# Painting Interior Plastic



## Harry71GTO (Nov 19, 2009)

My GTO came with a Jade Green interior and there were no reproductions available in 2000. Now Legendary has the correct vinyl. 

Problem is that the seat backs, arm rests, and other plastic trim have been painted dark green. Can the color be removed and repainted or can the parts be repainted?

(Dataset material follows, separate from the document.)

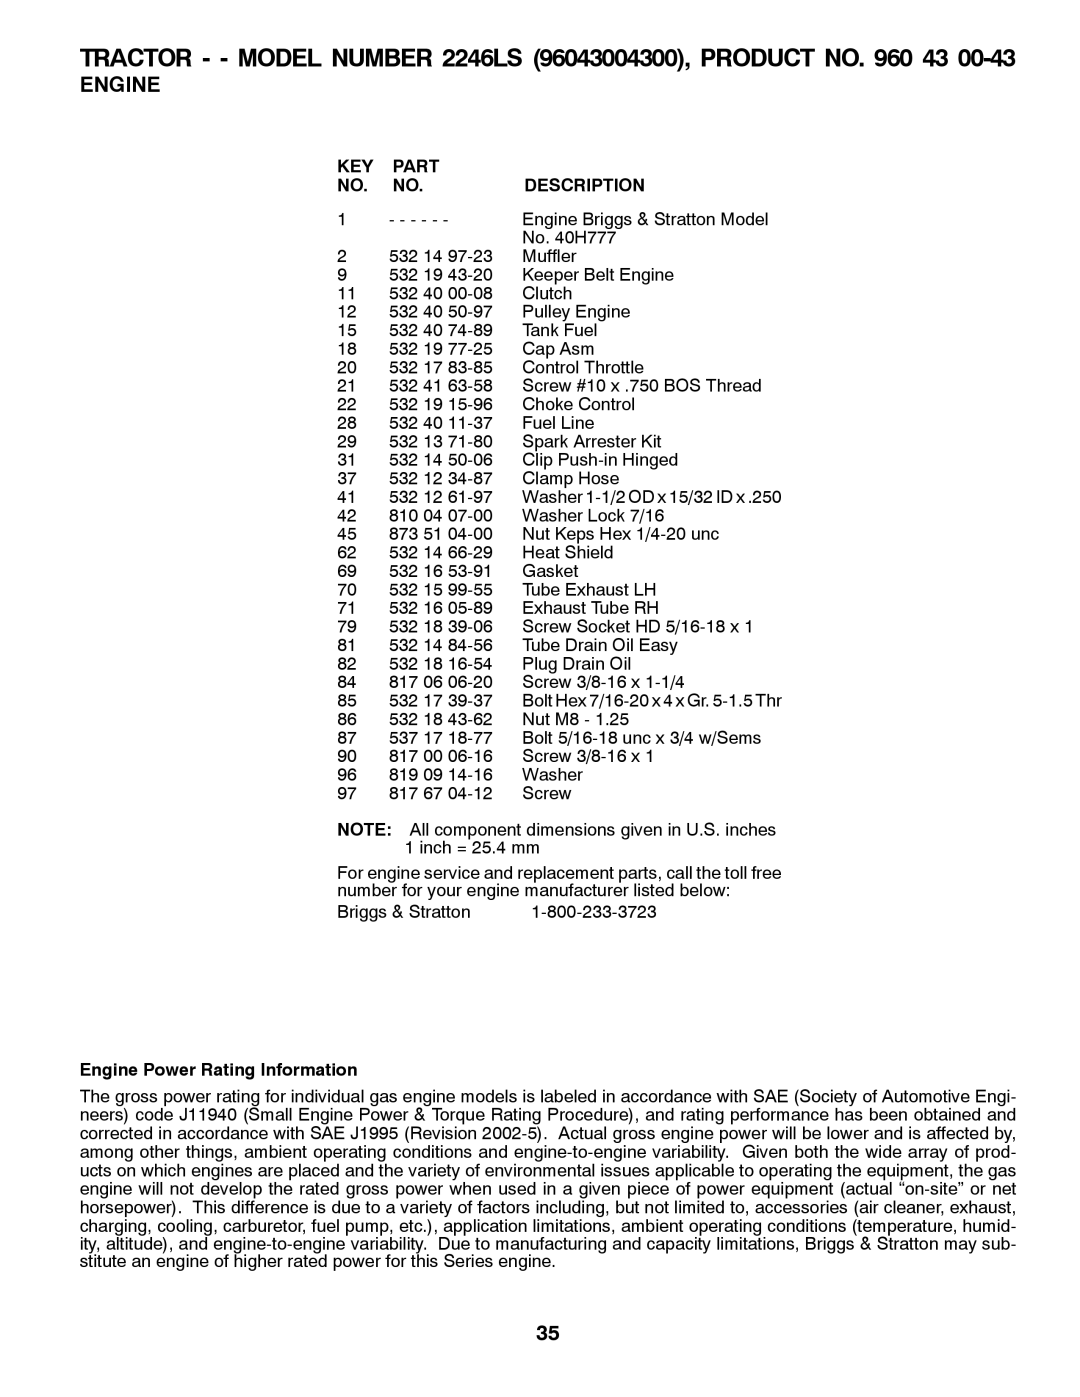 Husqvarna owner manual Engine, TRACTOR - - MODEL NUMBER 2246LS 96043004300, PRODUCT NO. 960 43, Part, Description 
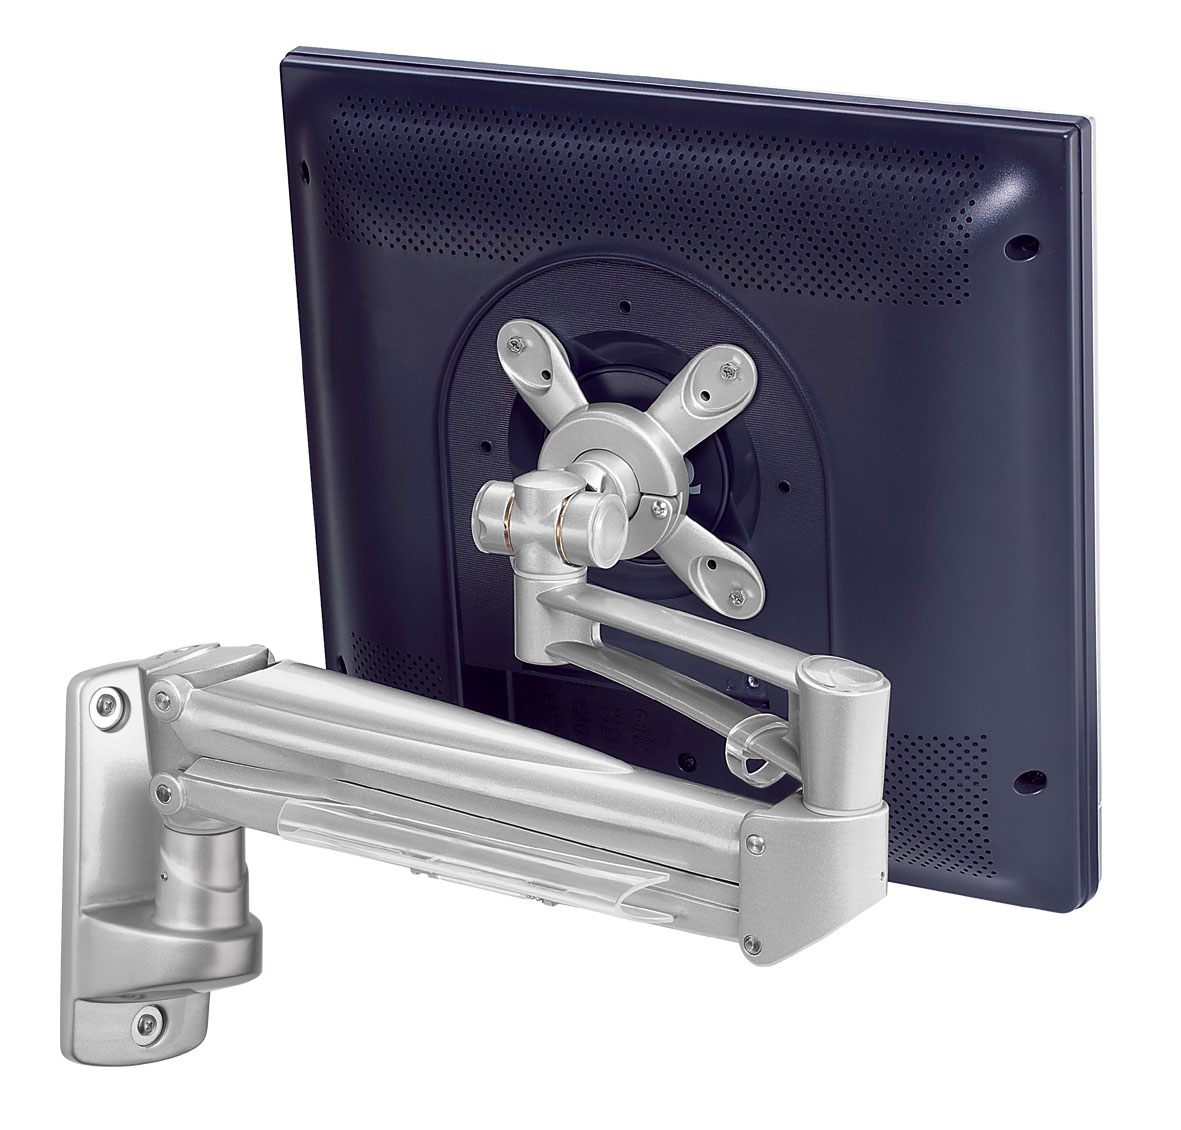 Ergonomic single wall mount gas monitor arm UK

Anyone know of a source for the correct paint for the Jade Green Interior?


----------



## jmt455 (Mar 26, 2012)

When I was working on my 71, I brought a sample part into a local auto paint and body supply shop. 
They matched the Dark Jade perfectly, using SEM Color Coat. 
They started with the paint code, then adjusted the mix to match my part.
I was able to get the paint in spray cans.
I just followed SEM's prep directions and all the parts came out perfect.


----------



## Rukee (Feb 8, 2007)

jmt455 said:


> When I was working on my 71, I brought a sample part into a local auto paint and body supply shop.
> They matched the Dark Jade perfectly, using SEM Color Coat.
> They started with the paint code, then adjusted the mix to match my part.
> I was able to get the paint in spray cans.
> I just followed SEM's prep directions and all the parts came out perfect.


Do you have any of those cans yet?? They may have a paint code on them.


----------